I attempted to implement a custom function as outlined in the tutorial:

# Inherit from Function
class LinearFunction(Function):

    # Note that forward, setup_context, and backward are @staticmethods
    @staticmethod
    def forward(input, weight, bias):
        output = input.mm(weight.t())
        print('inputs.requires_grad: ', input.requires_grad)
        print('weight.requiers_grad: ', weight.requires_grad)
        print('output.requires_grad: ', output.requires_grad)
        if bias is not None:
            output += bias.unsqueeze(0).expand_as(output)
        return output

    @staticmethod
    # inputs is a Tuple of all of the inputs passed to forward.
    # output is the output of the forward().
    def setup_context(ctx, inputs, output):
        input, weight, bias = inputs
        ctx.save_for_backward(input, weight, bias)

    # This function has only a single output, so it gets only one gradient
    @staticmethod
    def backward(ctx, grad_output):
        # This is a pattern that is very convenient - at the top of backward
        # unpack saved_tensors and initialize all gradients w.r.t. inputs to
        # None. Thanks to the fact that additional trailing Nones are
        # ignored, the return statement is simple even when the function has
        # optional inputs.
        input, weight, bias = ctx.saved_tensors
        grad_input = grad_weight = grad_bias = None

        # These needs_input_grad checks are optional and there only to
        # improve efficiency. If you want to make your code simpler, you can
        # skip them. Returning gradients for inputs that don't require it is
        # not an error.
        if ctx.needs_input_grad[0]:
            grad_input = grad_output.mm(weight)
        if ctx.needs_input_grad[1]:
            grad_weight = grad_output.t().mm(input)
        if bias is not None and ctx.needs_input_grad[2]:
            grad_bias = grad_output.sum(0)

        return grad_input, grad_weight, grad_bias

x = torch.rand(2, 128, requires_grad=True)
weight = torch.rand(256, 128, requires_grad=True)
bias = troch.rand(256, requires_grad=True)
out = LinearFunction.apply(x, weight, bias)
print('out.requiers_grad: ', out.requiers_grad)

Upon executing the above code, the following outputs were obtained:

inputs.requires_grad: True
weight.requires_grad: True
output.requires_grad: False
out.requires_grad: True

The issue arises from the operation output = input.mm(weight.t()), generating a tensor without gradients despite both input and weight tensors having gradients enabled.

I assume that the absence of gradients in the output might be due to the forward function being invoked like:

def some_func():
    with torch.no_grad:
        forward(...)

If my assumption holds, I have three additional questions:

  1. Where can I find the definition of the aforementioned some_func()?

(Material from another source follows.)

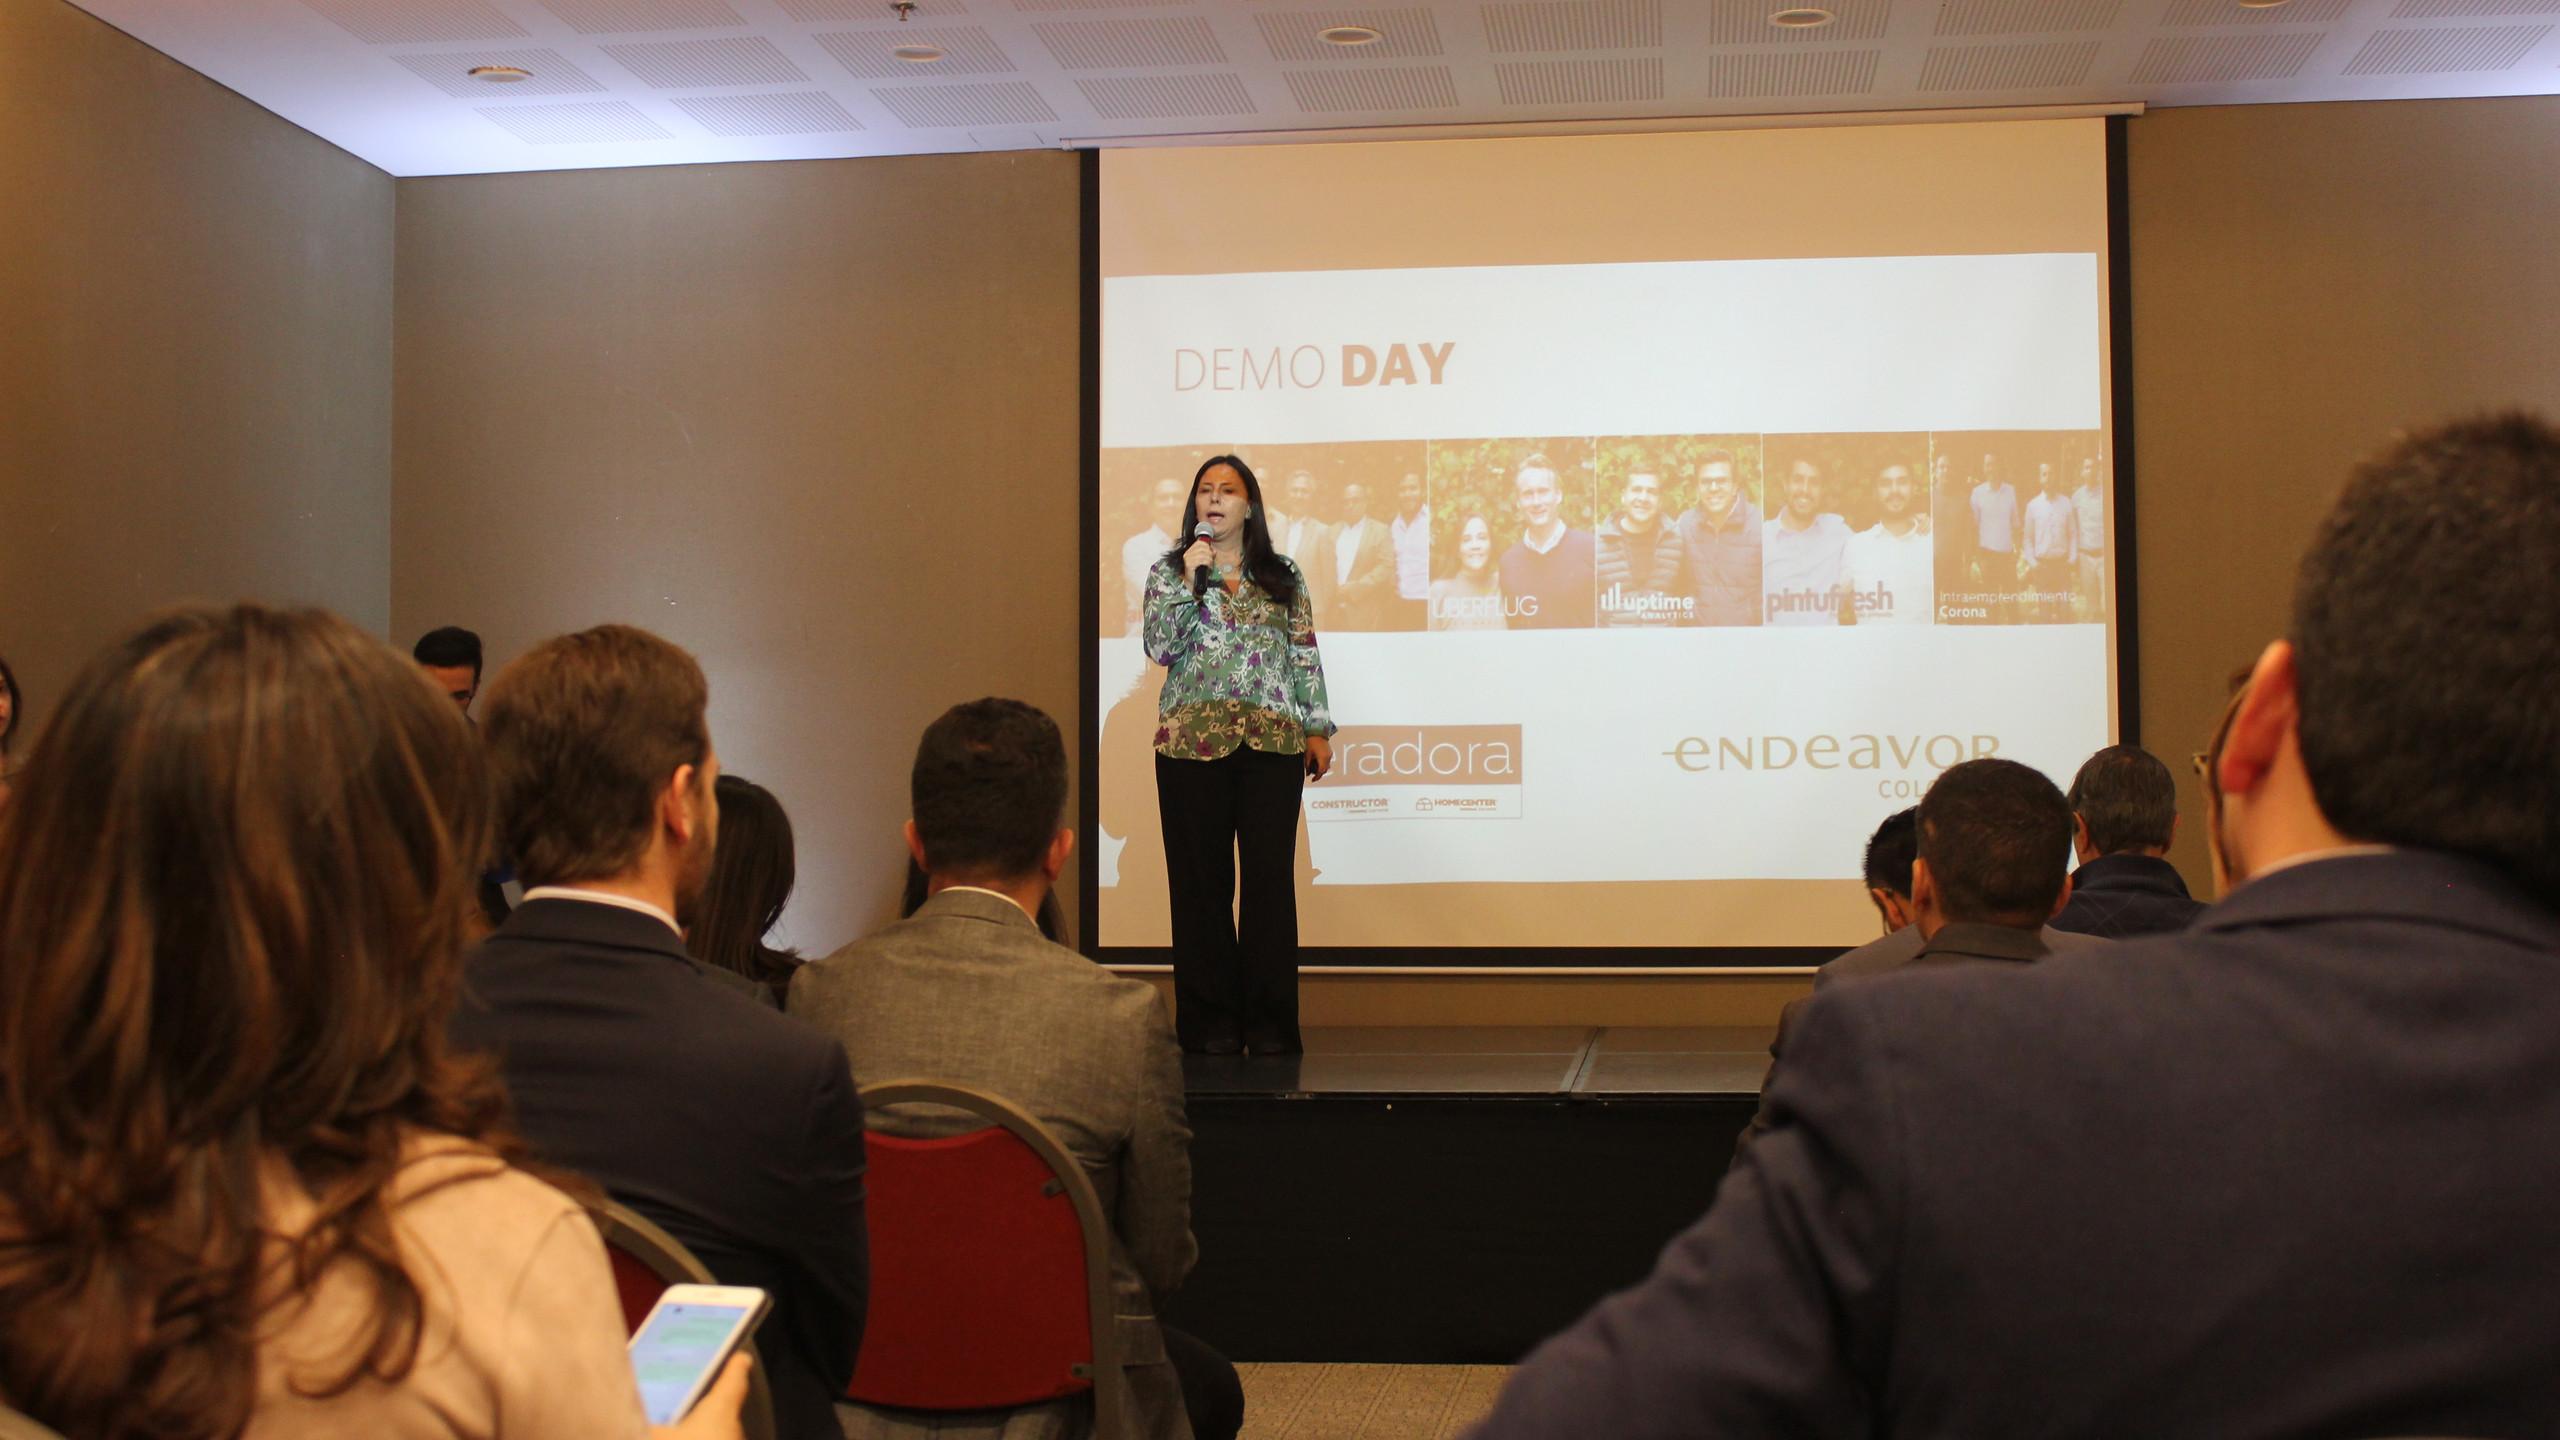 Adriana Suarez, Directora de Endeavor Colombia, da unas palabras de bienvenida a los asistentes al Demo Day de la Aceleradora Sodimac Corona

  2. Why the output.requires_grad = False in the forward function, but out.requires_grad=True outside? What additional operation is applied after executing the forward() function?

  3. What is the purpose of such a design? Is it intended to conserve GPU memory?

  4. As far as I know, there is a technique called Checkpoint employed to optimize memory usage, which is detailed in torch.utils.checkpoint. It involves the omission of gradients during the forward process, with a subsequent re-computation during the backward process. I am curious about the distinctions and connections between torch.autograd.Function and torch.utils.checkpoint, particularly regarding their treatment of gradients in the forward process.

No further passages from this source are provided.